A Chinese economic expert, Professor Zheng Xinye, has explained that the Chinese loans to some African countries are not meant to become debt traps. Prof Zheng, who was speaking during a presentation on China’s Economy for African and South American journalists on a media workshop at the Communication University of China (CUC) in Beijng, said the loans are ways to improve relations following a shared history of mutual cooperation.
The don, who is a Professor of Economics at the Renmi University, Beijing, said several African countries, who couldn’t meet their obligations, have received debt pardons, adding that “Chinese people feel bad about the debt exemptions.” He debunked allegations of dumping of sub-standard goods in Africa, explaining that as relations grow, China was no longer interested in short term investments but long-term Foreign Direct Investment (FDI) flows, which explains the increasing investments in factories and manufacturing plants in Africa.

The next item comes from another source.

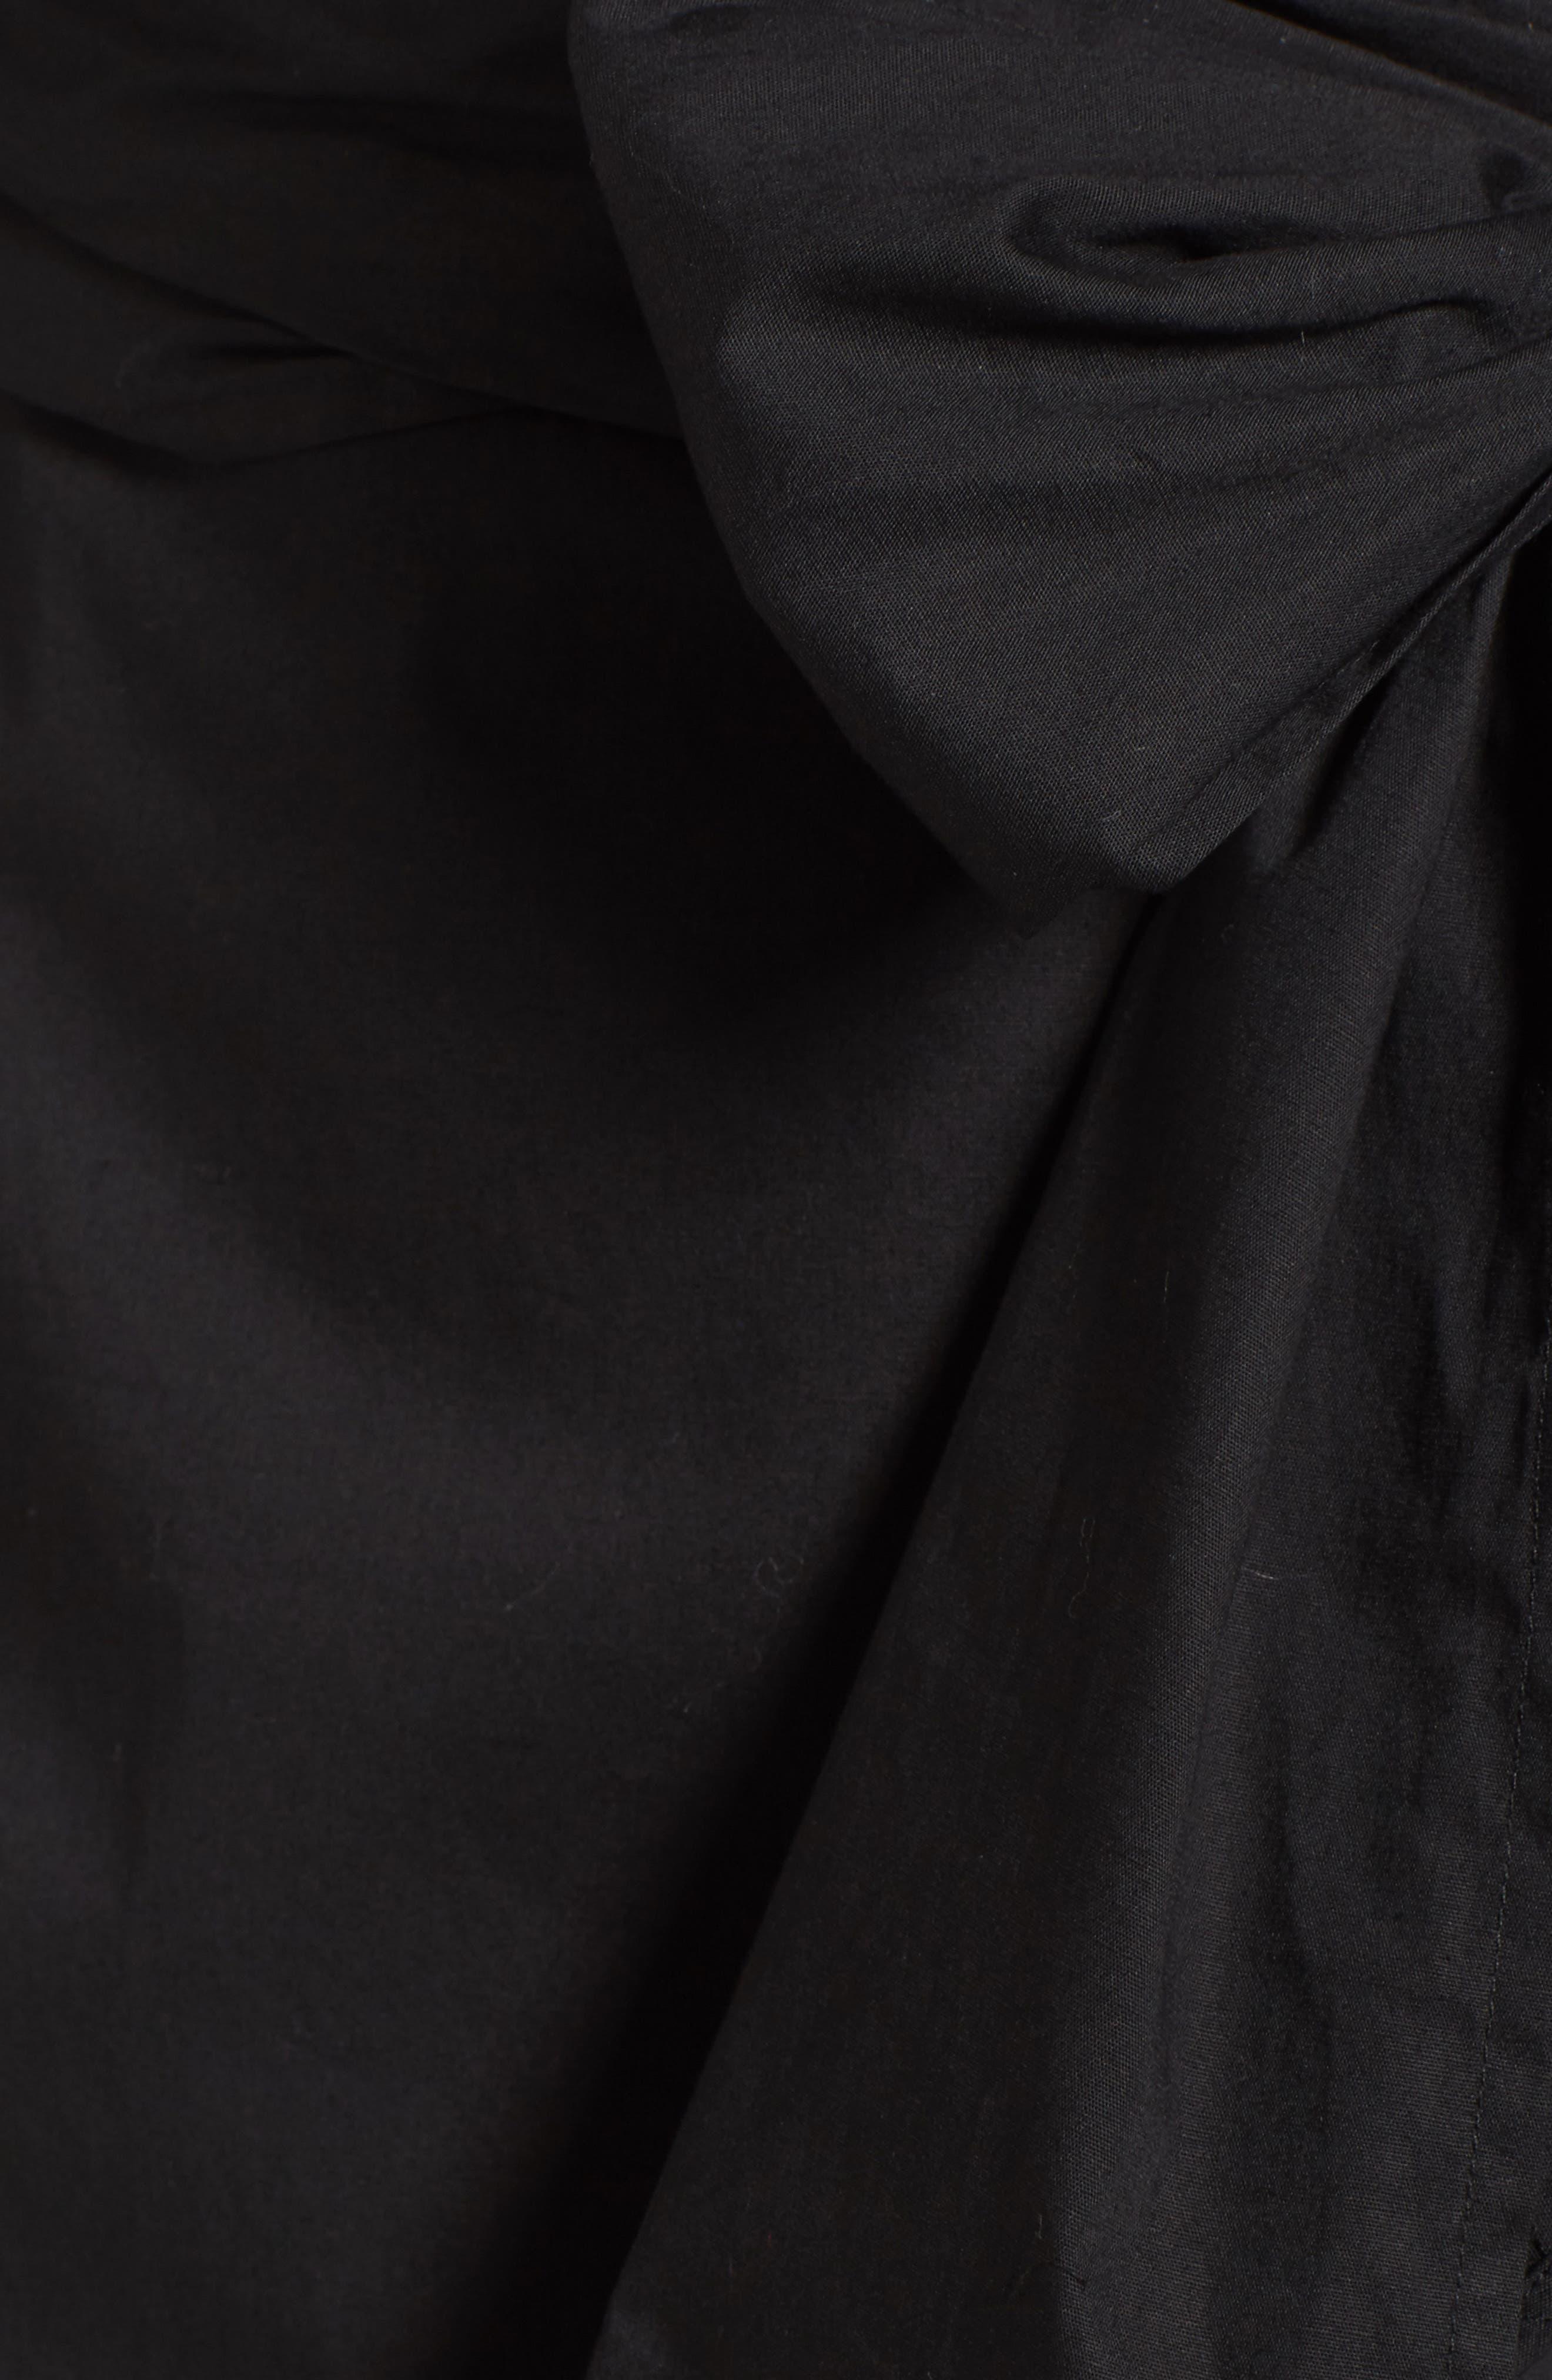 Wrap Bell Sleeve Dress,                             Alternate thumbnail 5, color,                             001

He however expressed support for a more equitable trade partnership, adding “We have to invest in African countries, but we shouldn’t exploit so much of the minerals.”
The don explained that although China has recorded rapid economic growth in the past three decades through its massive acquisition of capital, skilled labour and technology, leading to it becoming the second largest economy in the world behind the USA, the country is still a developing country with problems of poverty, inequality, and pollution.
“One of the ways the Chinese CPC is addressing that is by getting many rural women to work in factories and subsidizing their salaries. That way we empower them to help their families,” he said.